A: A study proposing to enrich an existing cohort with new participants would be eligible to submit under this funding opportunity.  Both new participants and existing participants would need to have the same detailed assessment during the project period to establish the same baseline phenotyping. The funding opportunity PAR-17-338 specifically targets continuation of an existing cohort and thus would be more appropriate for applications that do not intend to recruit additional participants.

  1. Q: Does NHLBI envision this FOA supporting the development of real-world cohorts (i.e. cohorts identified through EHR-based enrollment, phenotyping and follow-up in integrated health systems)?

A: Potentially yes. Applications proposing an EHR or registry based cohort, for example, are eligible.  Such applications would need to address consent/assent of participants such that a detailed baseline assessment could be established that would allow the study to address a wide array of research questions.

  1. Q: Are there particular areas of knowledge gap that are of interest?

A: NHLBI does not have pre-specified research gaps of interest for this PAR.  Applicants may consult the NHLBI Strategic Vision for science in the heart, lung, blood, and sleep domains, which lists numerous compelling questions and critical challenges for research.  Note that not all phenotypes, diseases, and health concerns relevant to the NHLBI’s mission are named in the Strategic Vision; therefore, applicants are welcome to propose research aims that address other important research gaps within the NHLBI’s purview.   

  1. Q: Is it desirable to cover as many NHLBI strategic vision elements as possible?

A: Not necessarily. The key elements to consider in a cohort study proposed in response to this funding opportunity include: addressing research gaps, innovation, and investigation of a broad array of exposures and research questions. The NHLBI is interested in high-quality science; therefore, if a study proposes to collect data across multiple strategic vision elements, it should have a scientific justification for doing so.

  1. Q: Is there any age restriction on the structure of the cohort?

A: No, there are no age restrictions with respect to enrolled participants.

  1. Q: Did the working group that recommended this PAR identify specific gaps that are of programmatic interest to NHLBI?

A: No, the working group did not identify specific scientific gaps. As emphasized in recommendation 7, the goal is to “implement a competitive peer review–based model for its portfolio of large epidemiologic and population studies”, thus this funding opportunity allows the investigator community to propose not only hypothesis driven research within a study design, but propose the study platform as well (see Roger VL, et al. Strategic transformation of population studies: recommendations of the working group on epidemiology and population sciences from the National Heart, Lung, and Blood Council and Board of External Experts. Am J Epidemiol. 2015. 181(6):363-8.)

  1. Q: What is the difference between a new cohort and an established cohort? Can an existing cohort not followed for many years be considered a new cohort?

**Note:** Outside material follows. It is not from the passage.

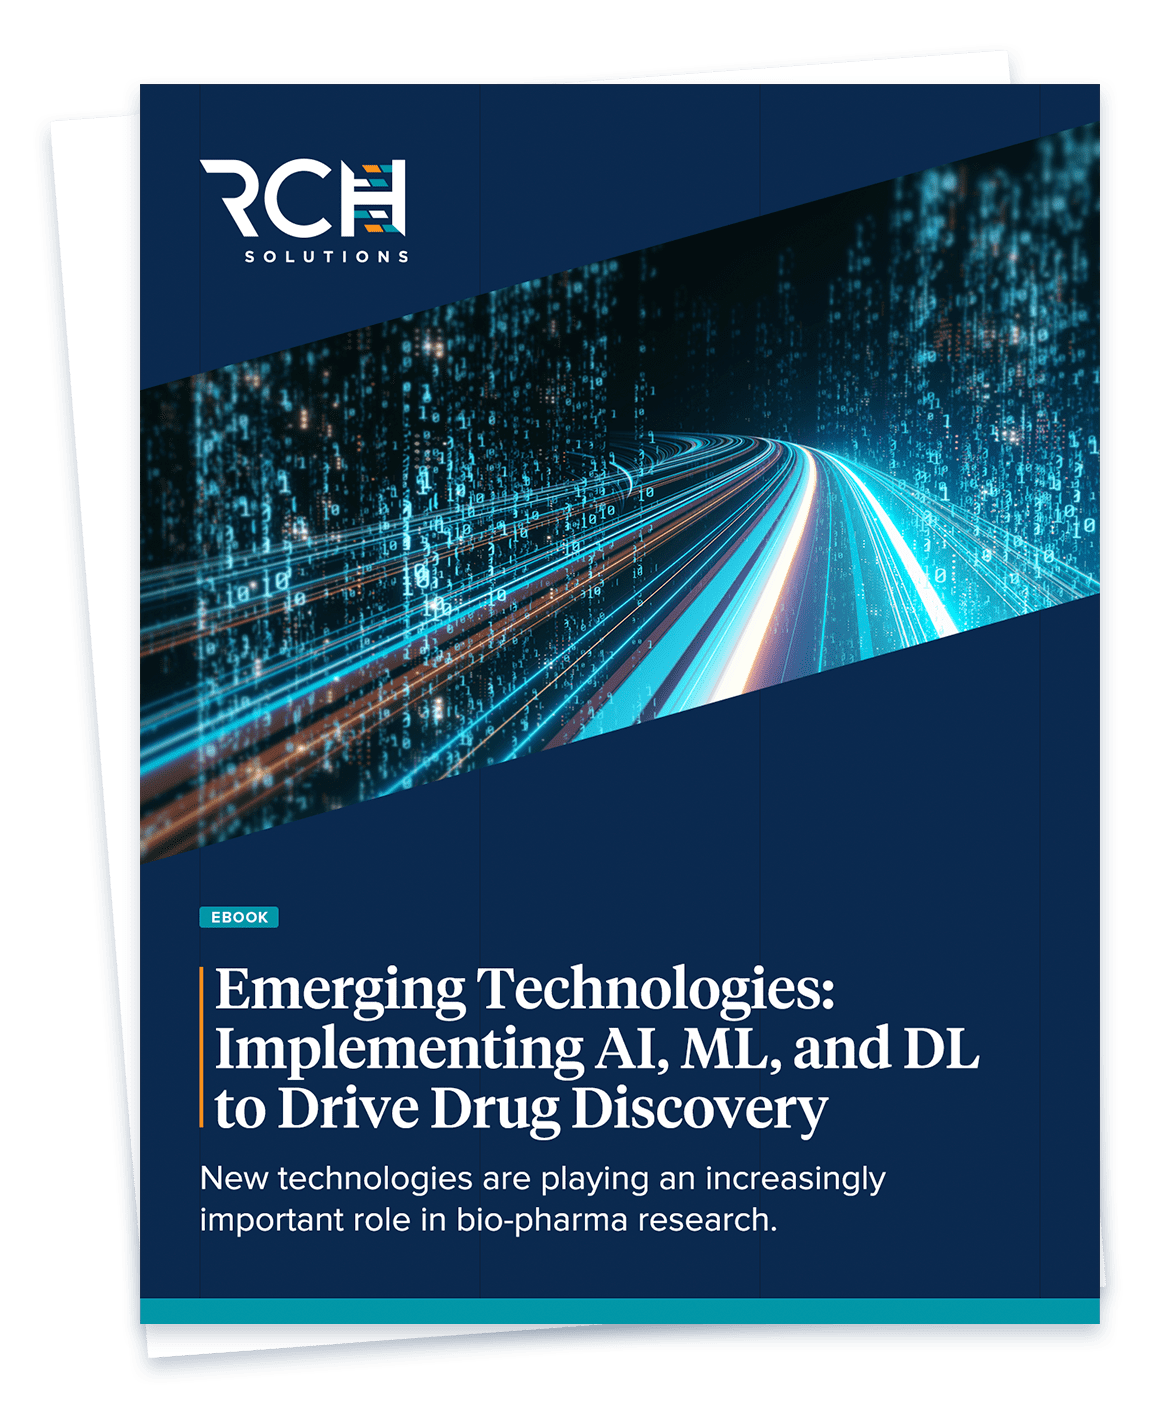 https://www.rchsolutions.com/wp-content/uploads/2022/02/RCH_eBook_EmergingTechnology_Thumbnail_2.png
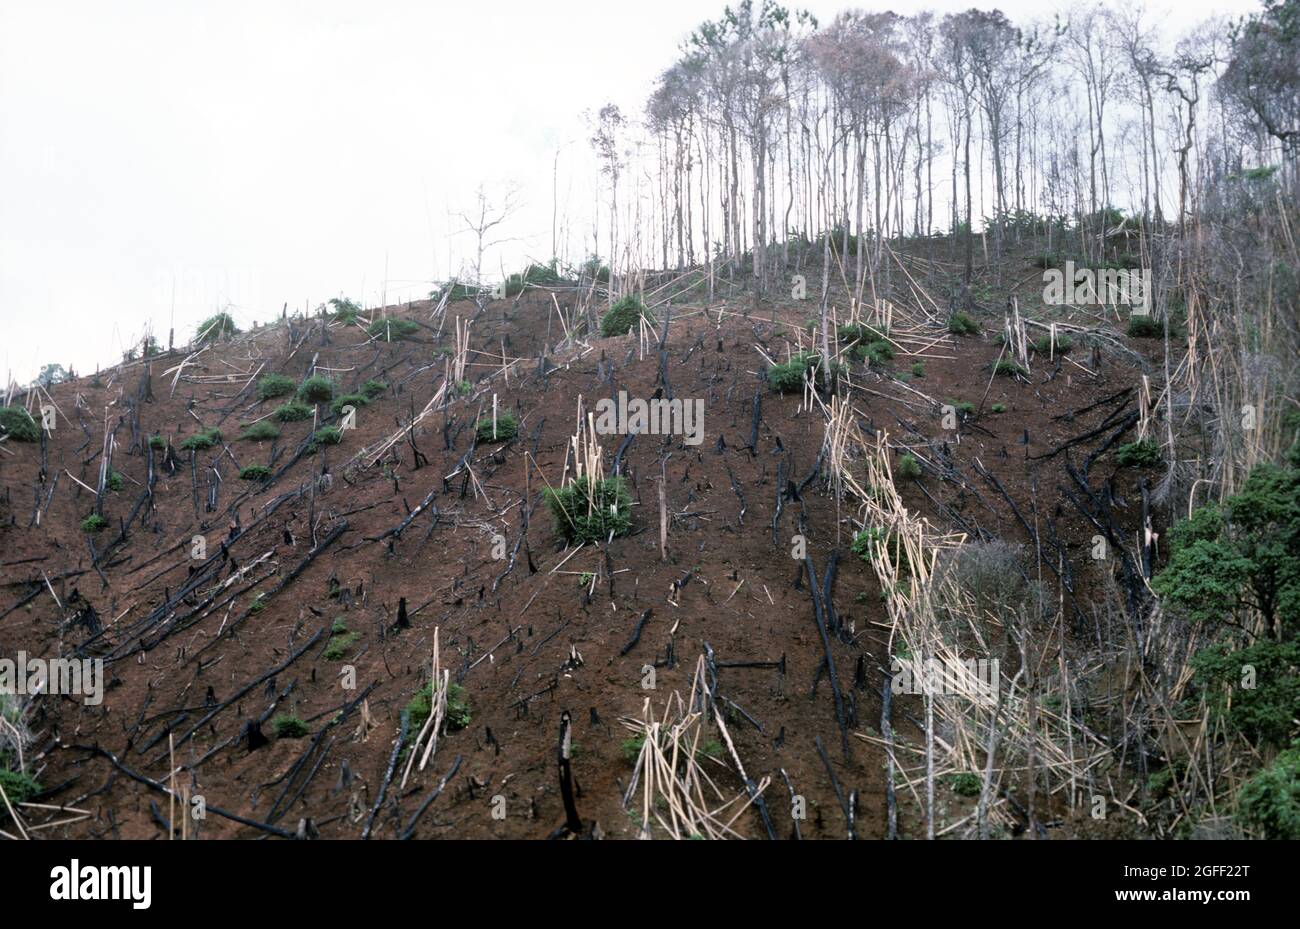 Deforestazione, abbattimento di alberi e bruciatura per liberare più terra per l'agricoltura in una zona già decimata, la Thailandia Foto Stock

A: Potentially yes. Given the large expanse of time since the last assessment, it would be expected that the key objectives of the cohort will have transformed to new research questions. However, this cohort would also be eligible for support under PAR-17-338; therefore, investigators may wish to explore with NHLBI which funding opportunity would best fit their research agenda.

  1. Q: Regarding data standards, how much of the collected data will be required to be publicly available, and at what resolution?

A: NHLBI anticipates that individual participant data will be shared according to NIH and NHLBI data sharing policies. Data sharing using both internal study based processes as well as the eventual sharing through established data repositories is anticipated.

  1. Q: Are applications focused in one scientific domain (e.g., sleep) required to include outcomes/measures from other domains (i.e., non-sleep) in order to be considered responsive?

A: No. The application would need to include the scientific hypotheses driving the measures, and also be eligible in terms of addressing research gaps, innovation, and investigation of a broad array of exposures and research questions.

  1. Q: Is this funding opportunity applicable for cohorts in other countries or developing countries, with US principal investigators?

A: To be eligible, the proposed cohort would need to be primarily based on a US population.

  1. Q: Although you explained that baseline data is expected to be collected, may we include follow-up visits if contained within the approved budget?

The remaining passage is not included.